New product lines, as WSJ points out, can take months or years to fully bring to market. As businesses across industries shed excess expenses in recent months, cutting innovation investment (especially for unproven products) makes sense in the short term. However, the cost-saving strategy may be doing more harm than good in the long term, as a lack of new offerings gives consumers little inspiration to buy more than the essentials.

And essentials have been the priority as the cost of living continues to outpace wage growth, meaning that industries relying on discretionary spend are vulnerable. For example, spontaneous clothing purchases seem to be taking a backseat, as noted in PYMNTS’ collaboration with LendingClub, “The Paycheck-to-Paycheck Report: Year in Review.”

consumer purchases

Clothing can fall into both discretionary and essential purchase categories, and the distribution of consumers who recently purchased clothing or accessories tells a story. The highest share in this late summer data does not reside among the most financially stable consumers but among the most precarious: those living paycheck to paycheck with issues paying bills, at 60%. Although it is speculation, one would expect those who do not live paycheck to paycheck to treat clothes as discretionary and those who struggle financial to consider clothes essential; the odds of these consumers making likely essential purchases vastly exceeded the corresponding shares of consumers making likely discretionary purchases. And although this data is from late August 2022, consumer sentiment is not massively changed, with many expecting a recession on the horizon.

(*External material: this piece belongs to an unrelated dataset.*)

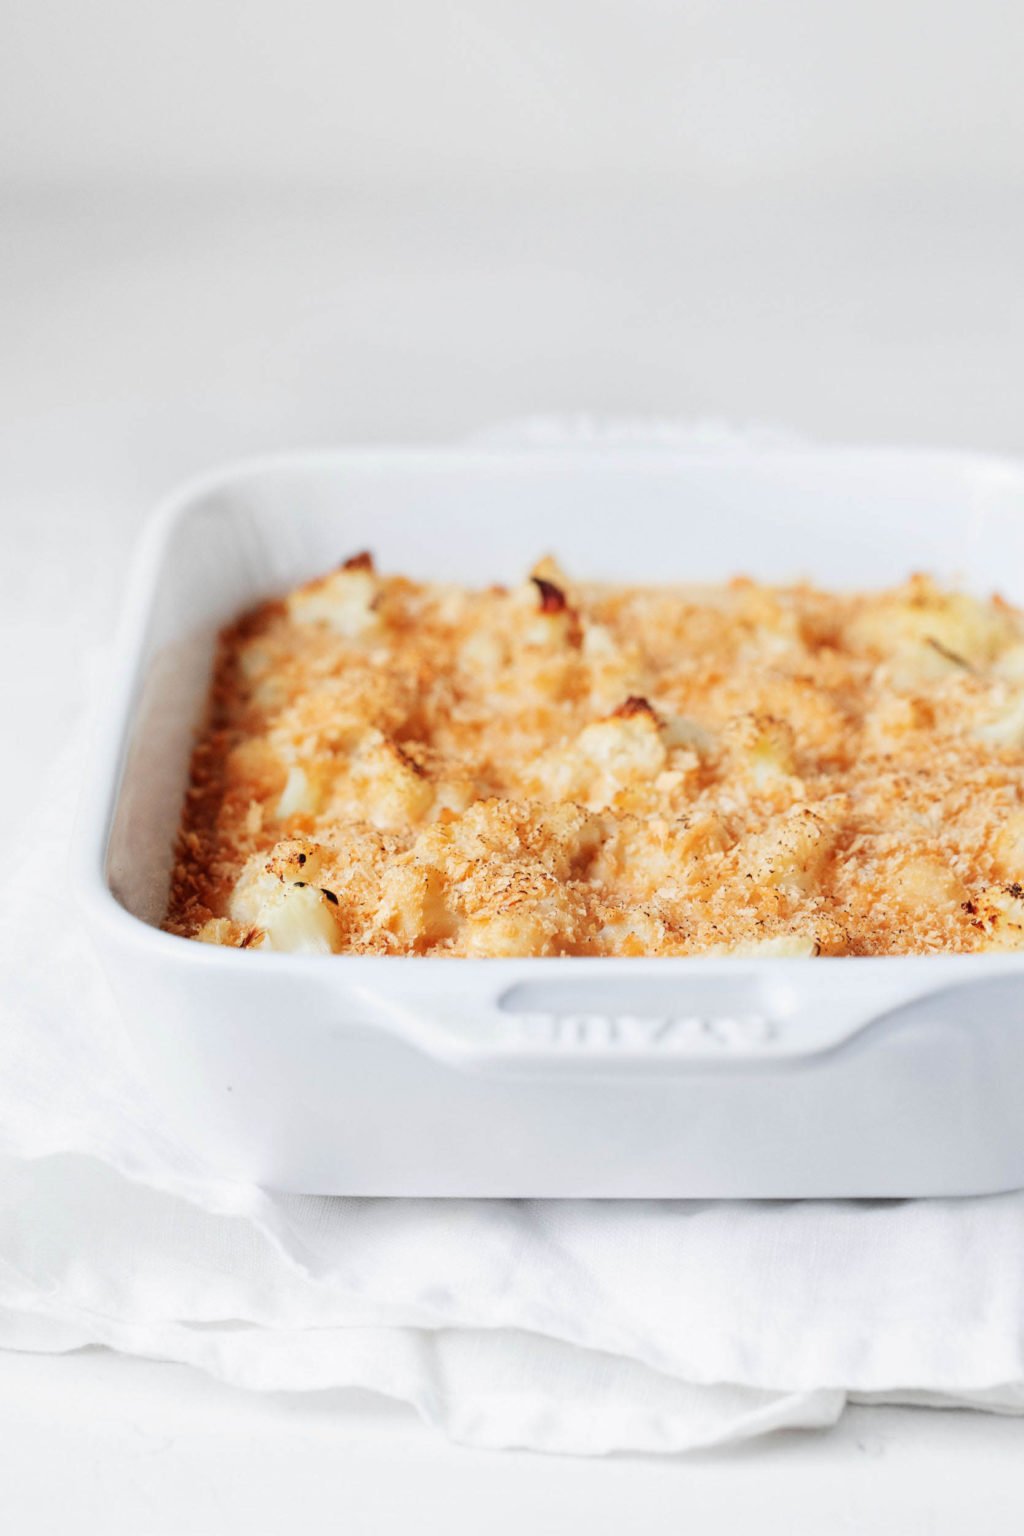 A white, rectangular baking dish has been filled with a cauliflower gratin and topped with breadcrumbs. It rests on a white cloth against a white surface.

Previous PYMNTS research suggests that in the current economic climate, once-loyal customers are turning into agnostic deal-chasers in the name of stretching limited incomes. Without new or innovative products, there may be little extra incentive for consumers to shift this cost-cutting behavior.

This is where the chicken-and-egg metaphor applies. Because sales are slow, merchants and retailers have an inventory overload, leading to markdowns and cost-cutting. This cost-cutting can lead to less product innovation, and in the case of Hanes and Champion, less inventory overall as most retailers and brands focus on meeting the consumer demand for essentials. While savings is the main factor, there may be a secondary driver of consumers not seeing new products, lines or trends to aspire or save to purchase as well. With less inventory and less choice, consumers may be less inclined to shop when they do have extra cash if there’s not much difference between what’s on the rack and what’s already in their closet.

Some retailers and brands have broken out of this cycle by innovating. American Eagle earned its second-highest revenue, for example, in Q4 2022, due to an expansion of its activewear line. The company’s $507 million gross profit increased approximately 4%, from $489 million during the same time the previous year. Other clothing and fashion brands have turned to the beauty sector to introduce new products. H&M recently announced its foray into the beauty industry with the release of a new skincare and body care line aimed at Gen Z customers, while Stella McCartney is launching a sustainable beauty line.

Is a lack of product choice purely to blame for the slump in retail clothing sales? No. But if consumers aren’t offered new products they want, rather than need, retailers may discover that essential clothes are all that shoppers buy.